Key changes explained

The government plans to tighten the foreign workforce quota by reducing the Dependency Ratio Ceiling (DRC) and the S Pass Sub-DRC. The DRC refers to the maximum ratio of foreign workers to the total workforce that a company is permitted to employ. The details of the changes are as follows:

  1. Dependency Ratio Ceiling: Beginning January 1, 2020, the DRC for the services sector will be reduced to 38 percent (from its current 40 percent) and further reduced to 35 percent on January 1, 2021.
  2. S Pass Sub-DRC: Beginning January 1, 2020, the S Pass Sub-DRC quota will be reduced from to 13 percent (from its current 15 percent) and to 10 percent on January 1, 2021.

One of the primary reasons for this change is the rapid growth of S Pass and Work Permit holders within the services sector. Rising at a rate of roughly 3 percent per year, S Pass growth in 2018 was the highest it’s been in five years — a trend that the government believes is unsustainable.

Significance of the changes for employers

Once these policy changes go into effect, employers will not be able to renew S Passes or Work Permits for foreign workers if they have exceeded the newly revised limits. However, in the event the number of S Pass or Work Permit holders does exceed the newly allotted limit, companies will be able to retain the foreign employees until their permits expire.

Because affected firms may need to begin hiring more local manpower, they may need to invest in the retraining of employees while simultaneously working to revamp processes and redesign jobs.

To help firms adjust to the new policies, the Government has decided extend and enhance several support programs, including the Enterprise Development Grant (EDG) and the Productivity Solutions Grant (PSG), among others. Both the EDG and PSG will be extended through March 31, 2023, and will continue to provide enterprises with up to 70 percent government funding.

Will this change affect your business?

Because these changes only affect the services sector, it’s important to know whether or not your company falls under this umbrella. A company is considered part of the services sector if it has registered any of the following as its principle business activity:

  • Finance, insurance, real estate and business services
  • Transport, storage, and communications services
  • Commerce (retail and wholesale trade)
  • Community, social and personal services (excluding domestic workers)
  • Hotels, restaurants, coffee shops, food courts and other approved food establishments (excluding food stalls or hawker stalls)

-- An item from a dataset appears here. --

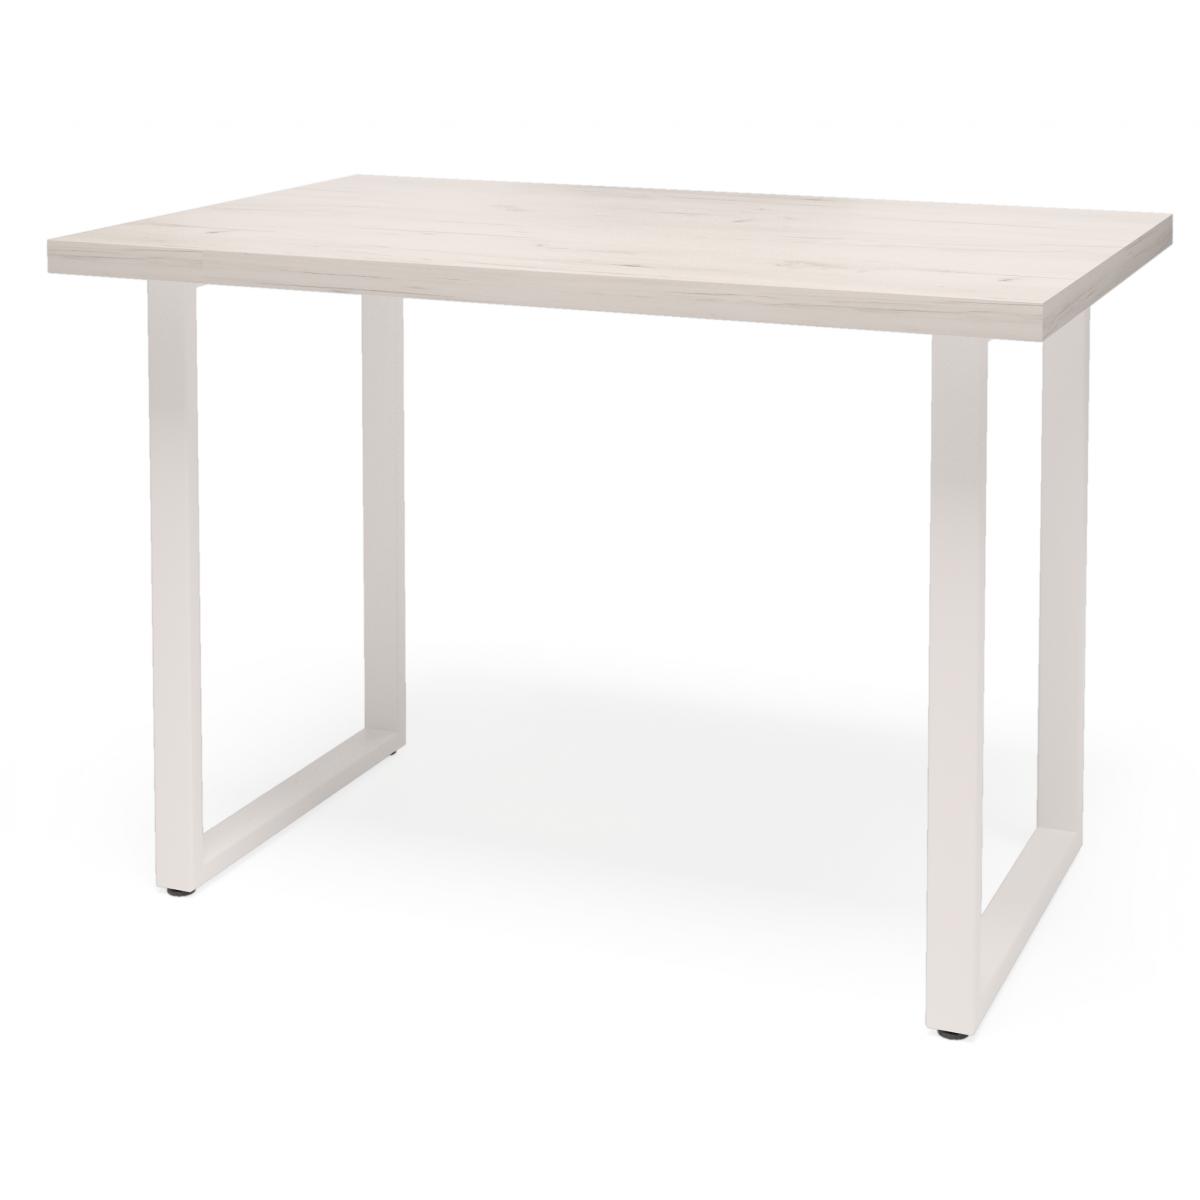 Купить стол Loft H в стиле лофт в Raroom

It is likely that the government will continue to tighten the foreign worker ratio in other sectors in the coming years. The last reduction took place in 2013, and was due in large part to a public outcry over immigration as the cause for overcrowding and high living costs.

Employers should also note that Singapore authorities are not simply focused on lower-level positions in the service industry. One Singapore lawmaker suggested after the budget speech that “the S Pass system be structured such that companies that have more local workers at mid- to high-wage levels and are able to demonstrate a high value contribution to the economy be given more S Passes.”

As the primary reason for the workforce-quota adjustment is to promote “good jobs and opportunities” for Singaporeans, the government may in the future also adjust quotas for higher-level workers who hold Employment Passes.